INFORMATION SUPPLIED -
——

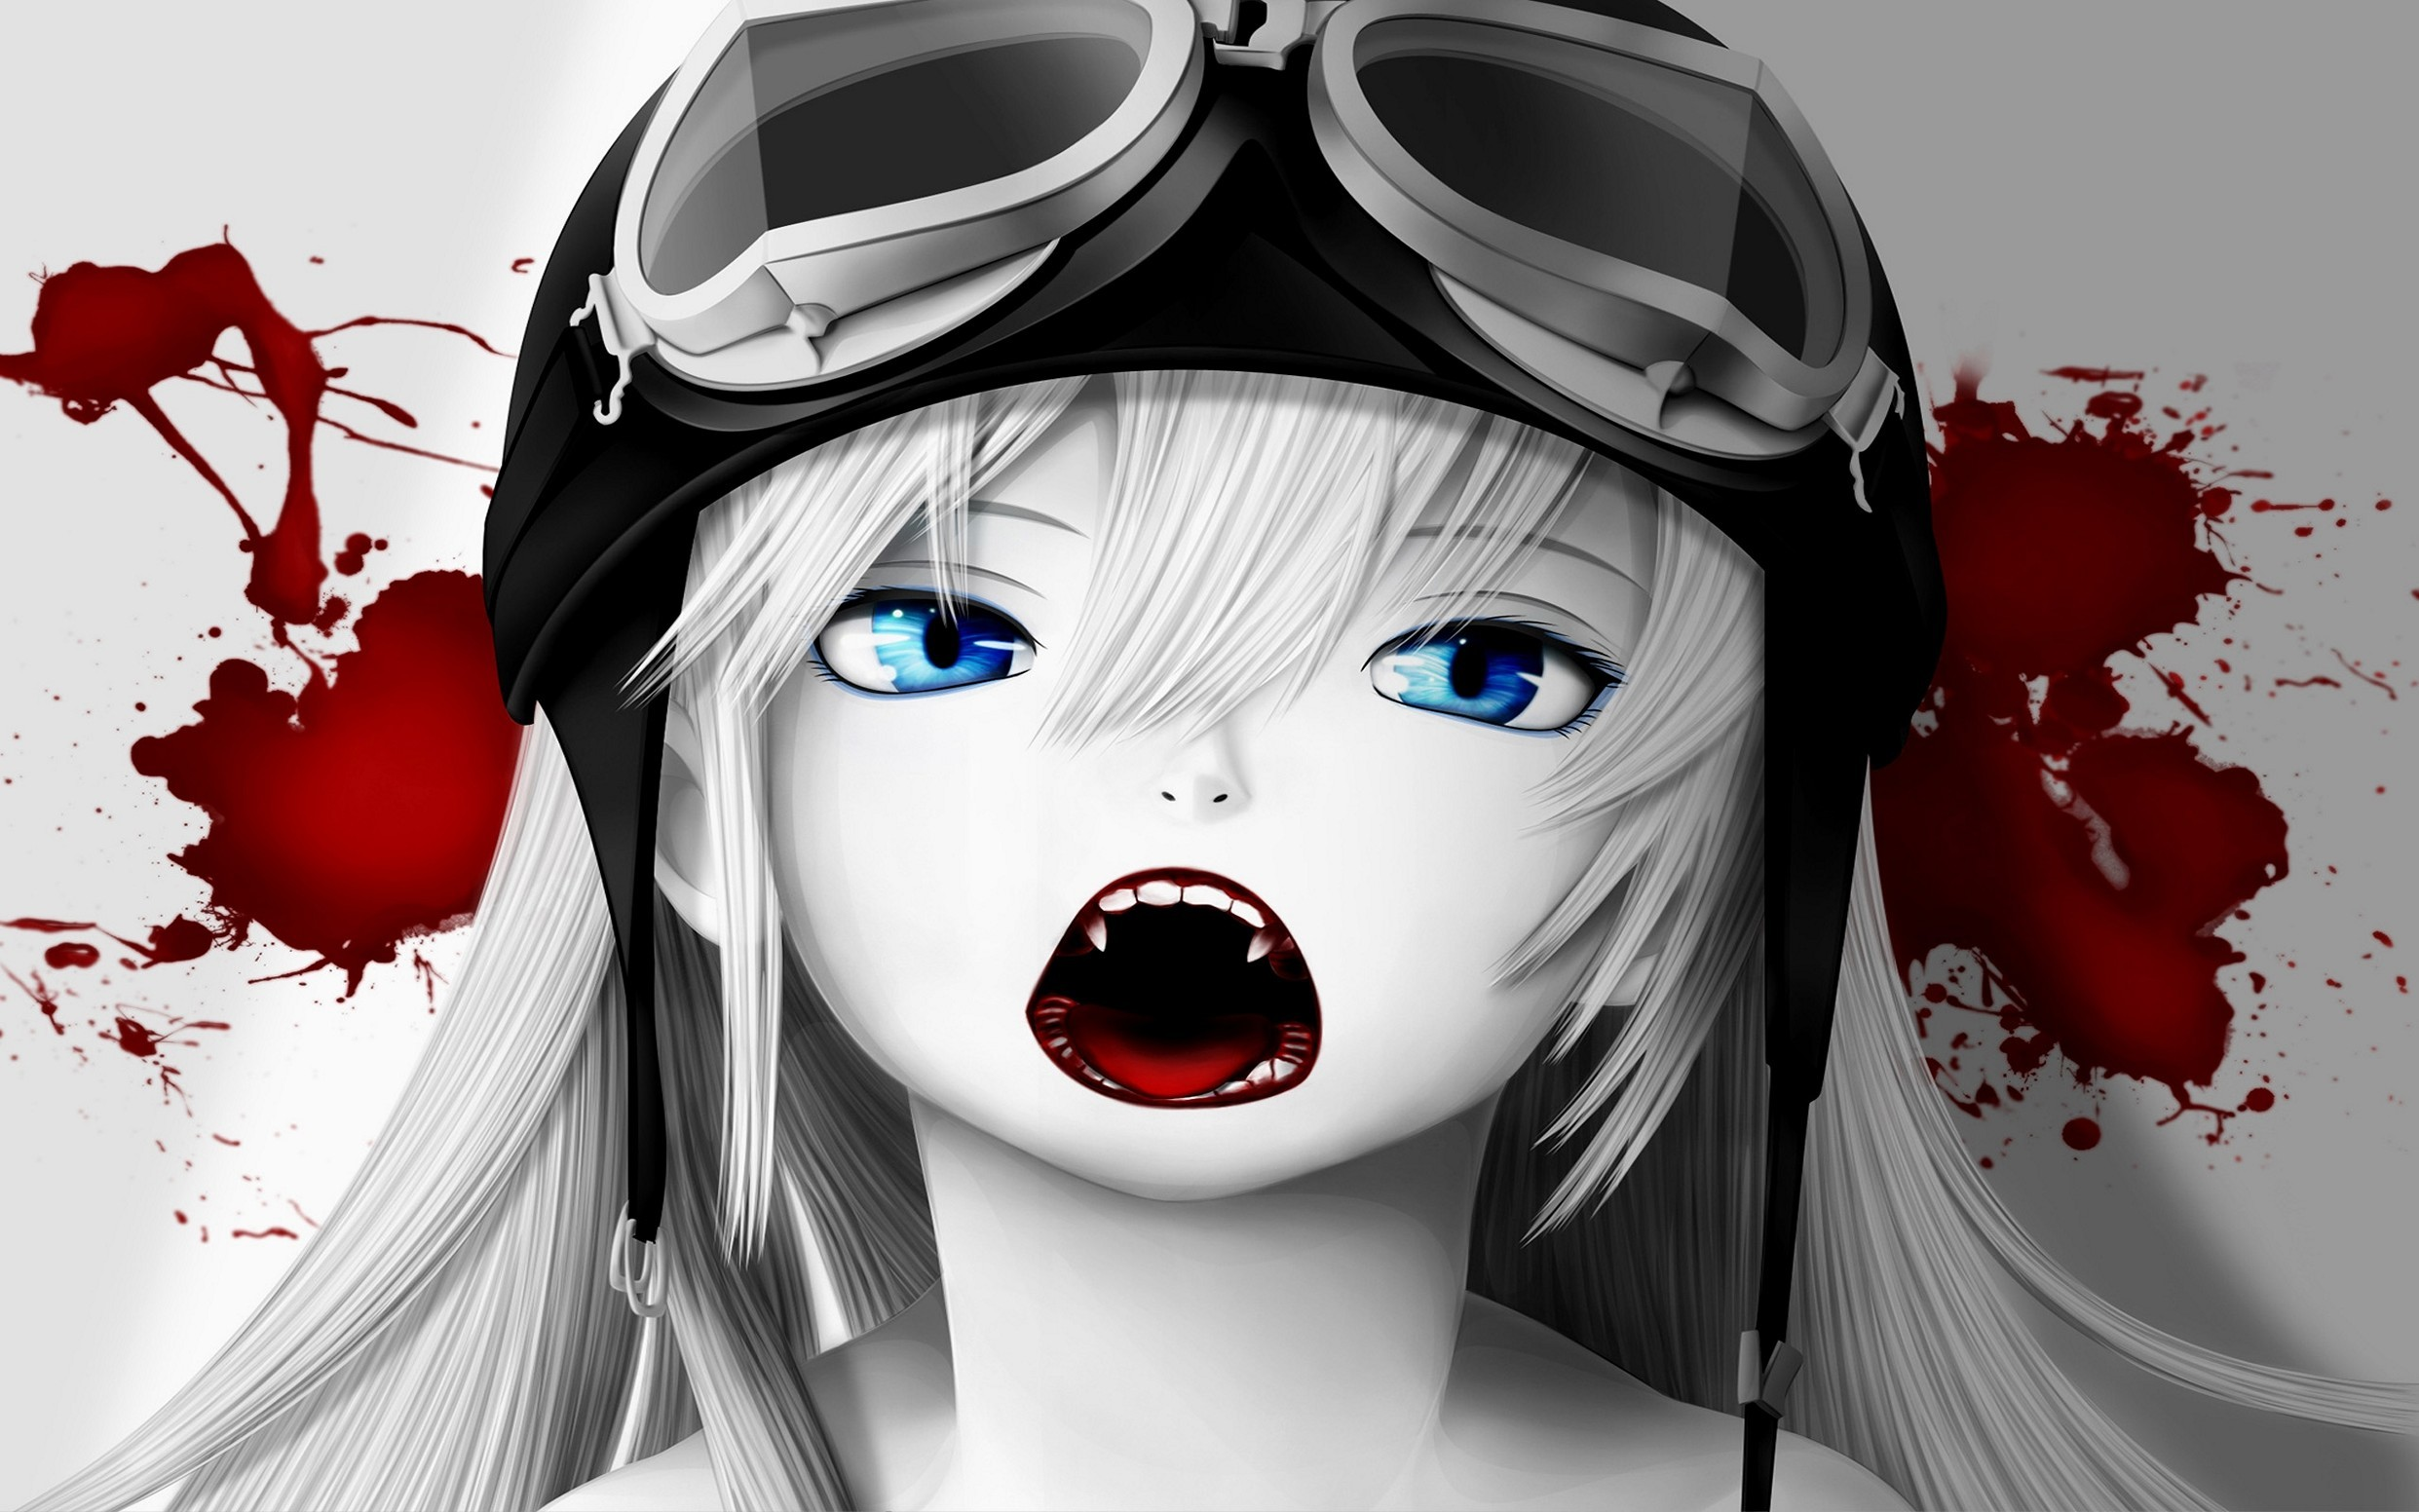 Girl Vampire Blood Glasses Mask Legendary Iphone Wallpaper Anime
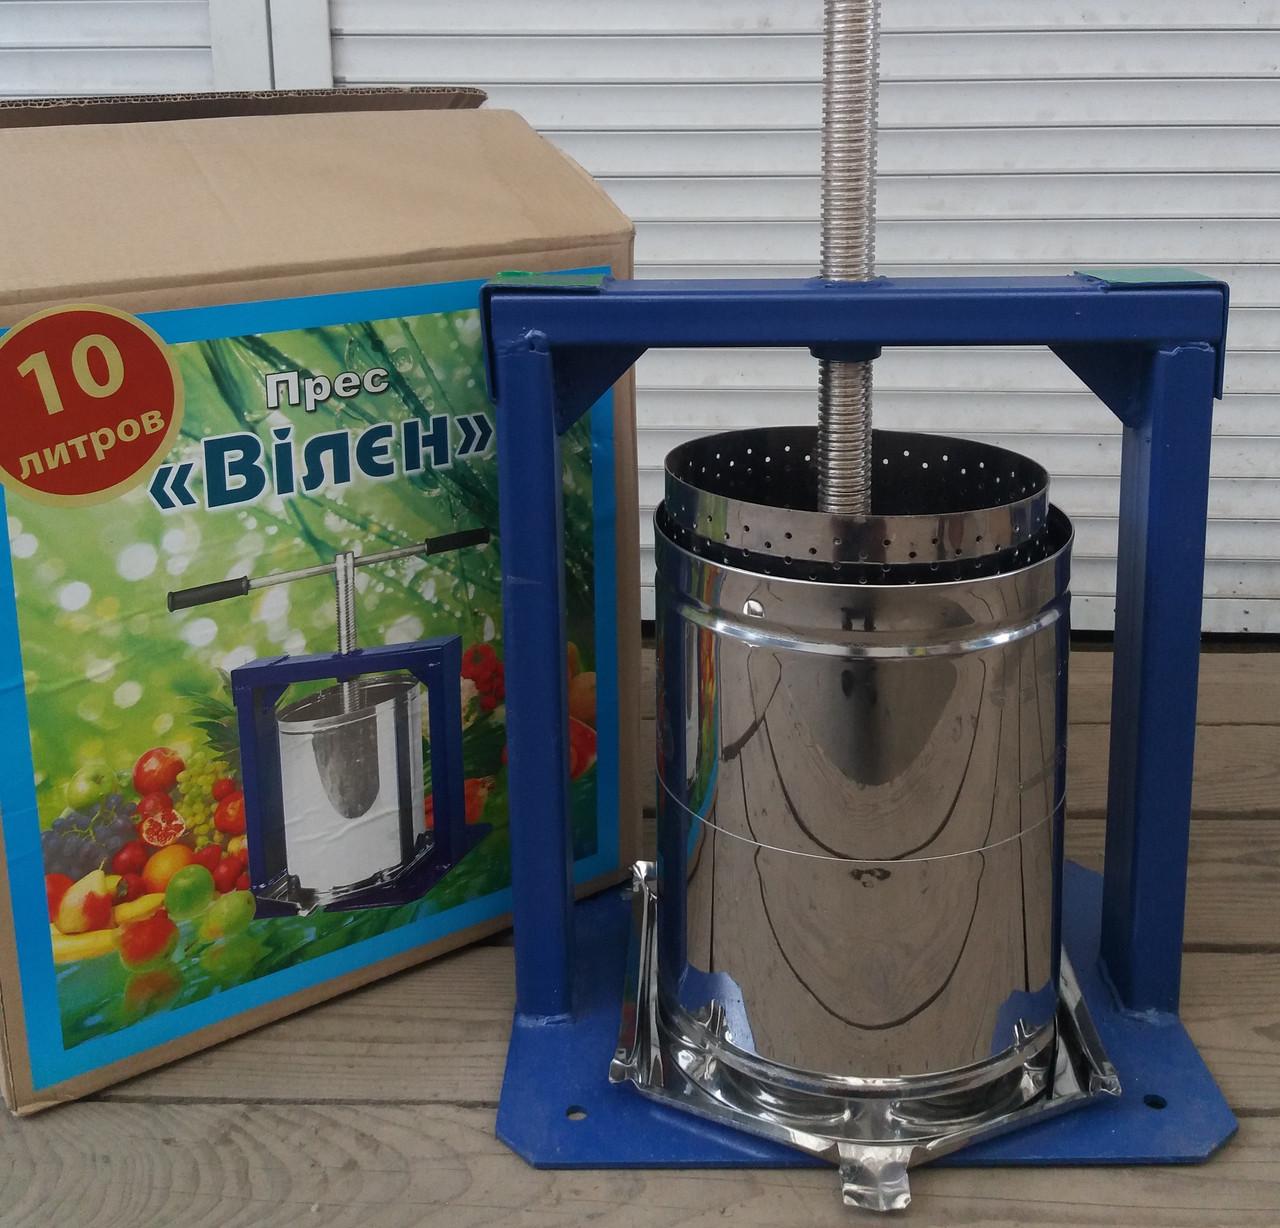 Ручной пресс для сока Вилен 10 литров
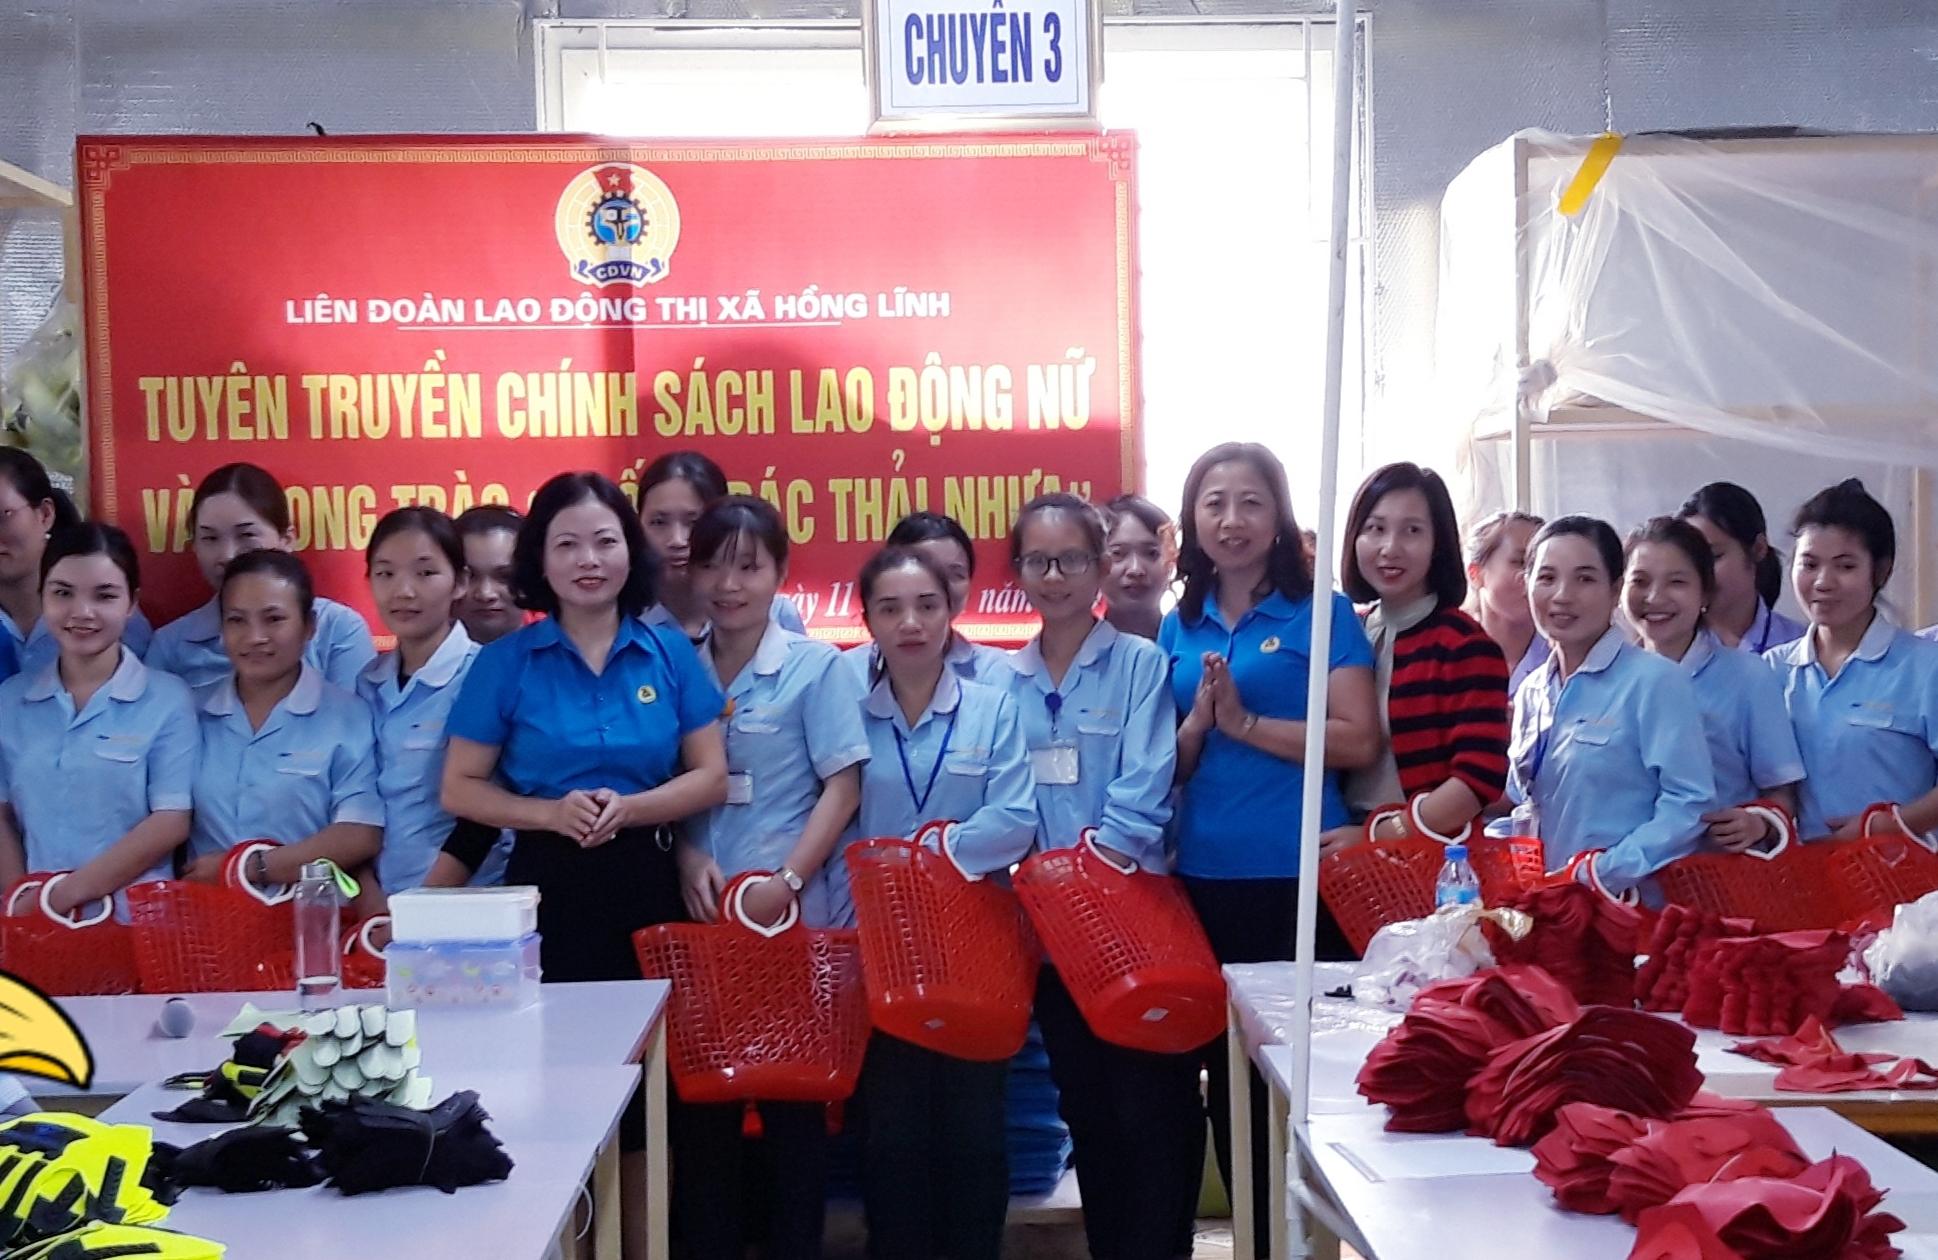 """Hồng Lĩnh: Tuyên truyền chính sách lao động nữ và phong trào """"Chống rác thải nhựa"""""""

——

EXERCISE BRIEF -
Pictures are to be omitted; otherwise, write out the data exactly as it appears.

RESPONSE FOR THIS EXERCISE -
 Girl Vampire Blood Glasses Mask Legendary Iphone Wallpaper Anime
 Ручной пресс для сока Вилен 10 литров
 """Hồng Lĩnh: Tuyên truyền chính sách lao động nữ và phong trào """"Chống rác thải nhựa"""""""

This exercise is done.